(Records excerpted from a collection)
------------------------

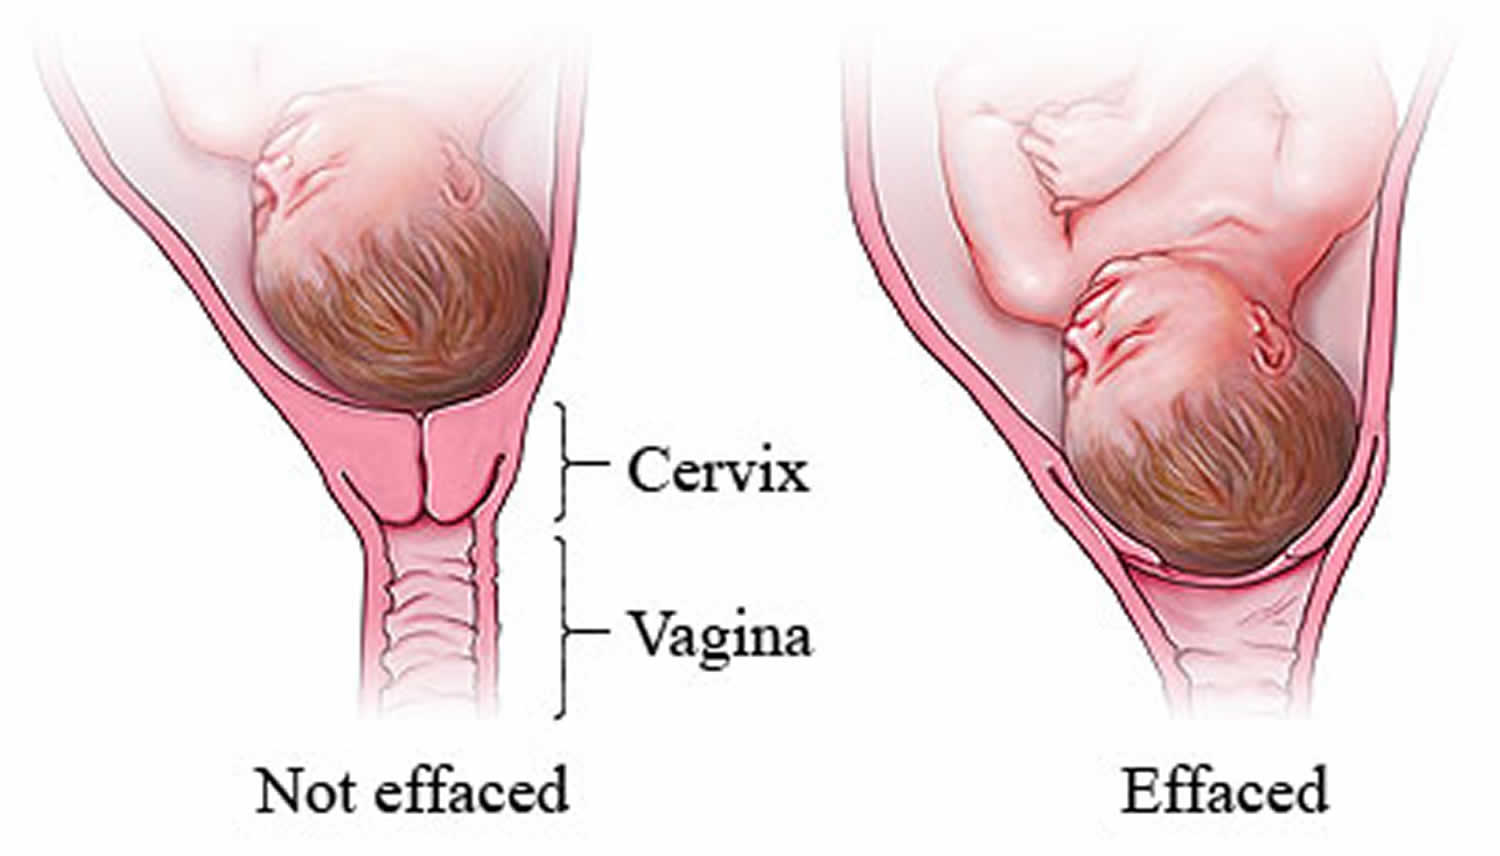 First stage: Thinning and opening of the cervix
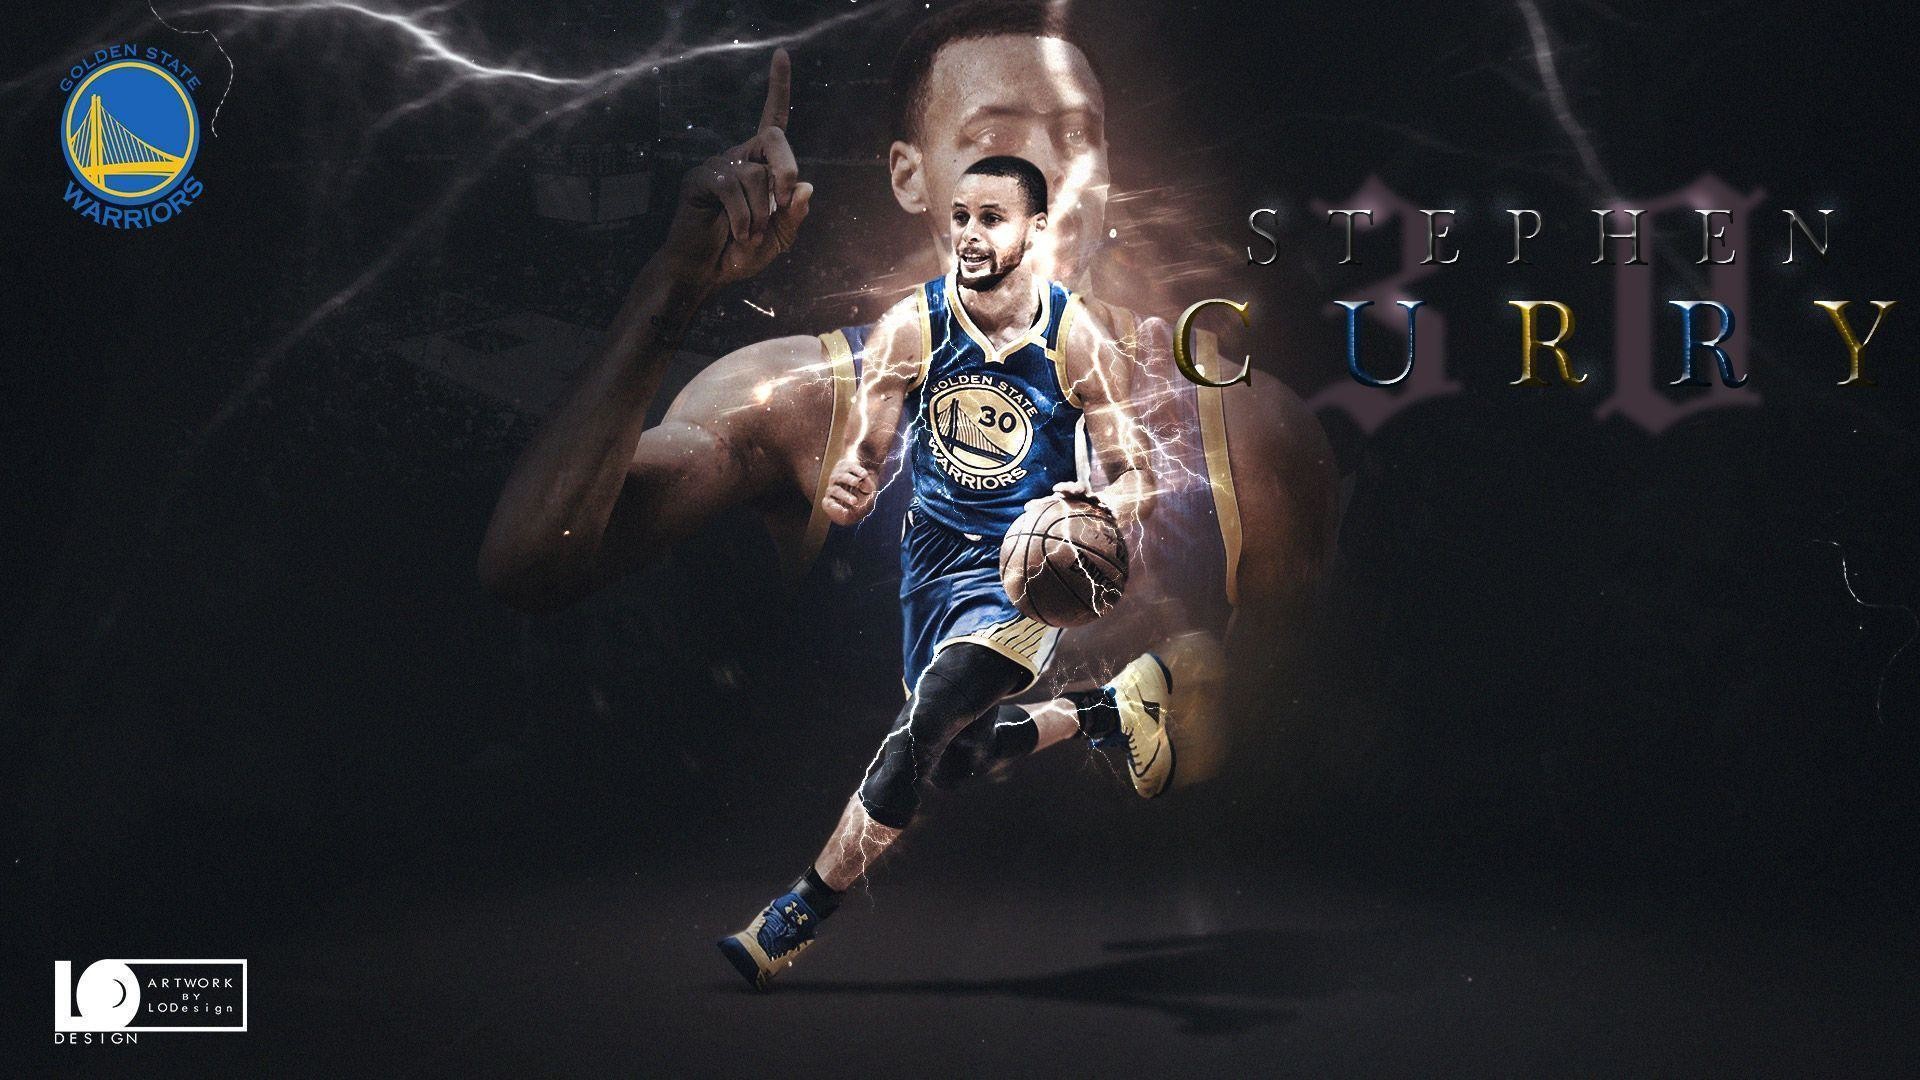 1920x1080 Stephen Curry Wallpapers | Basketball Wallpapers at .
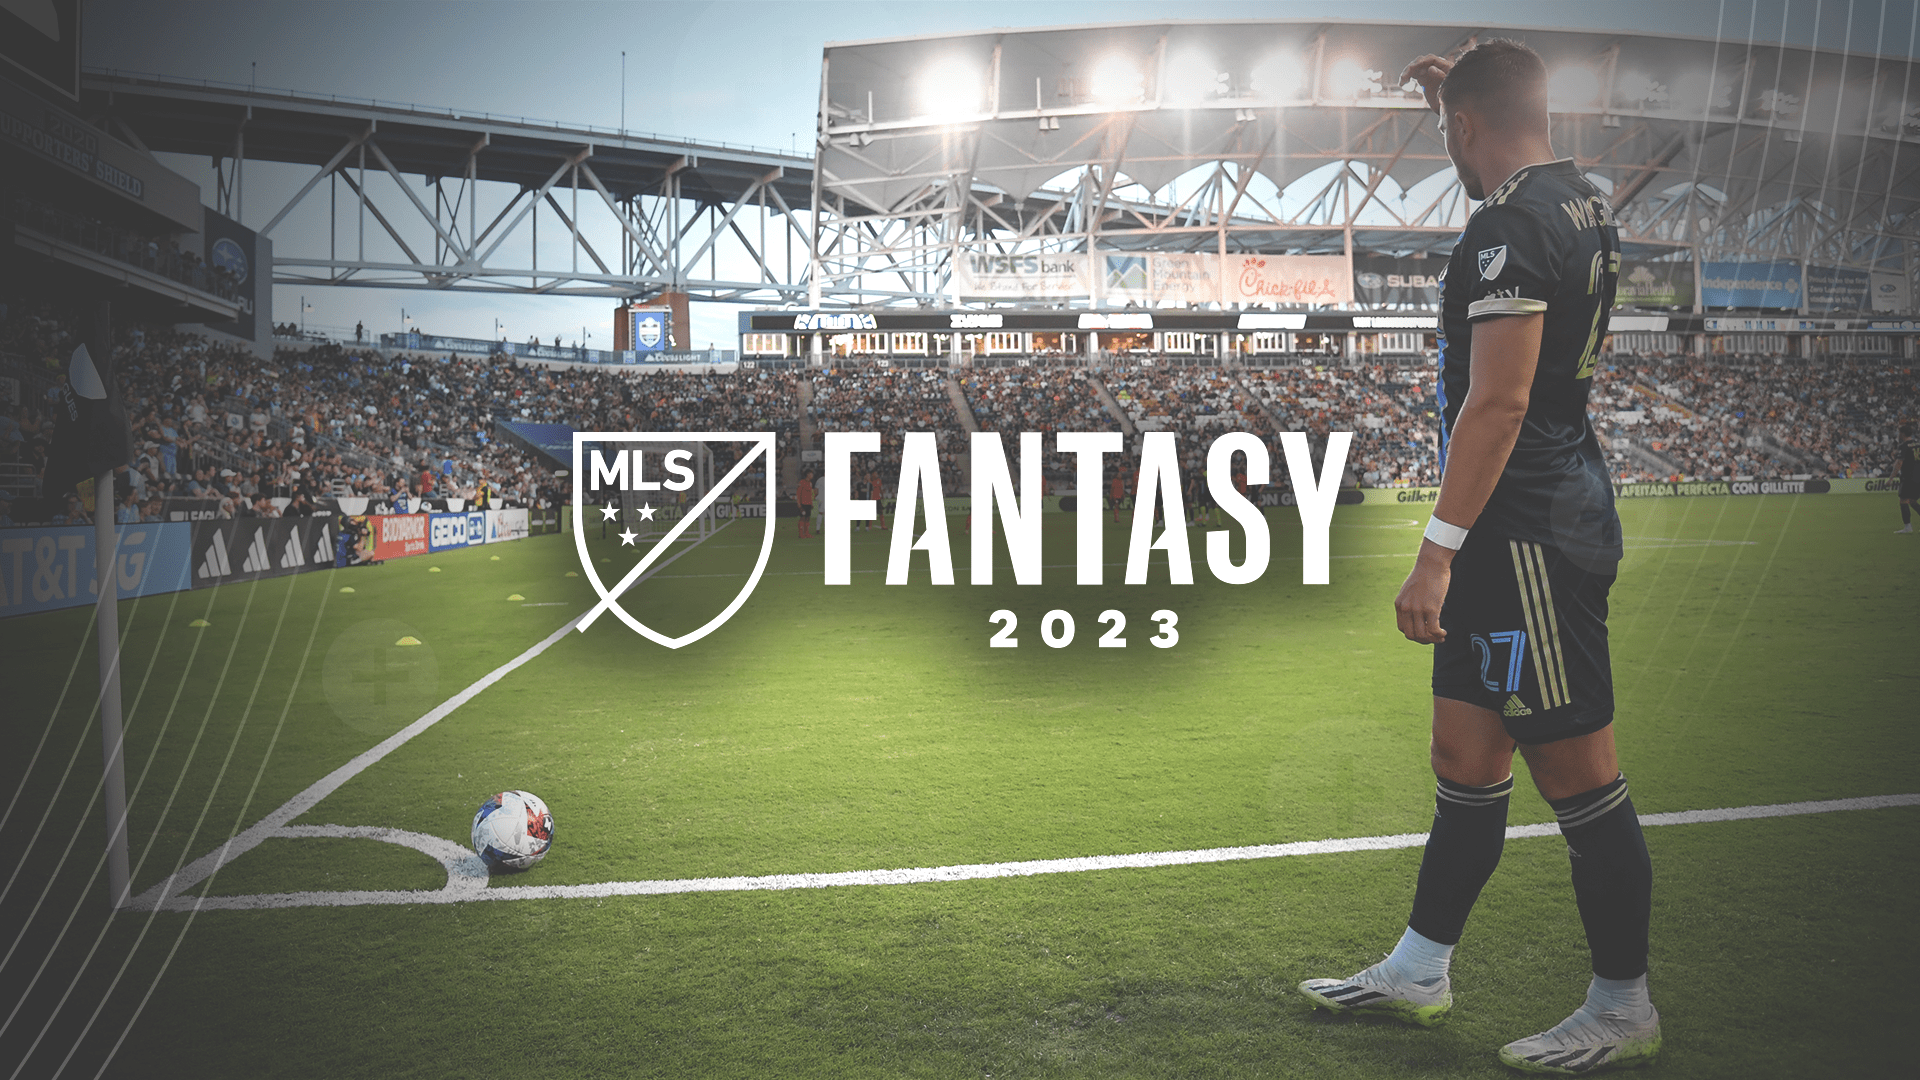 MLS Fantasy Week 27 positional rankings and gaming advice
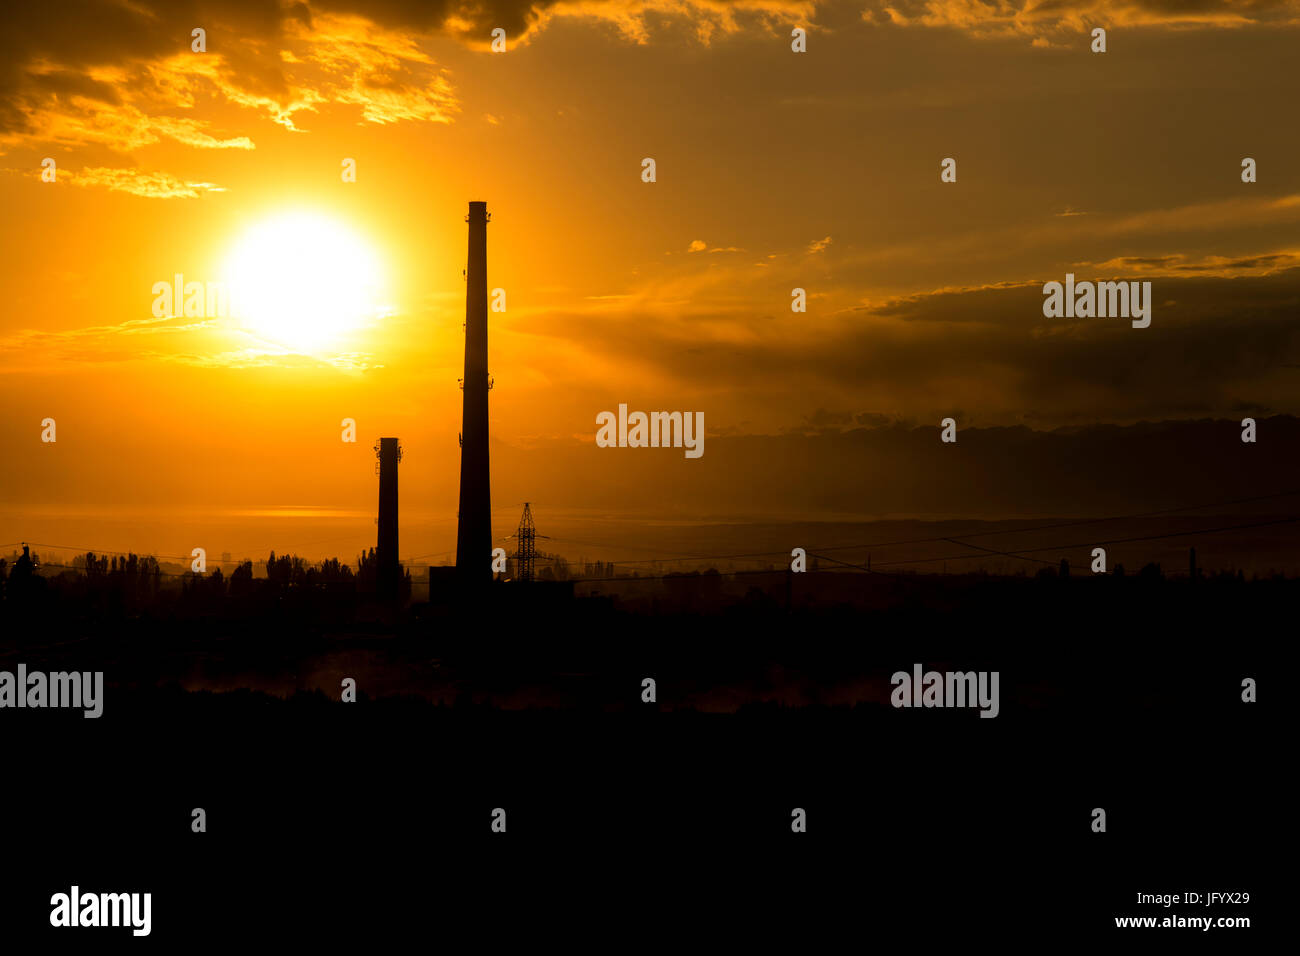 Sunset over an Industry Stock Photo
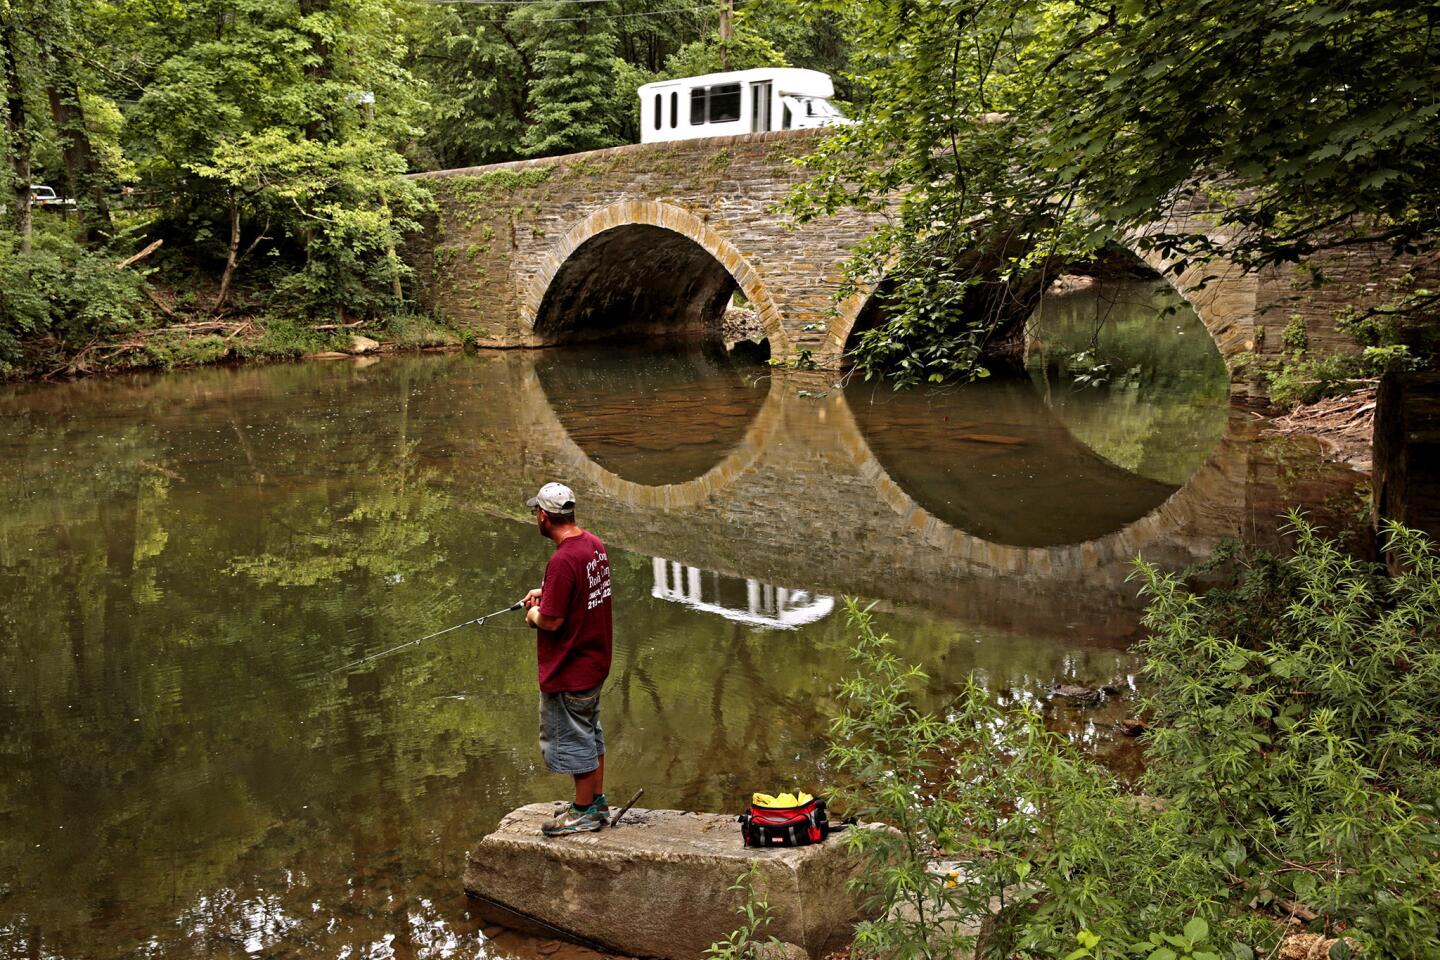 One of the historic bridges of Philadelphia extends Bells Mills Road over the Wissahickon Creek. Many bridges in the area are in need of repair or replacement.

------------------------

_Action item_: Exact copy, no pictures: please print every record above as written.

_Task solution_:
 First stage: Thinning and opening of the cervix
 1920x1080 Stephen Curry Wallpapers | Basketball Wallpapers at .
 MLS Fantasy Week 27 positional rankings and gaming advice
 Sunset over an Industry Stock Photo
 One of the historic bridges of Philadelphia extends Bells Mills Road over the Wissahickon Creek. Many bridges in the area are in need of repair or replacement.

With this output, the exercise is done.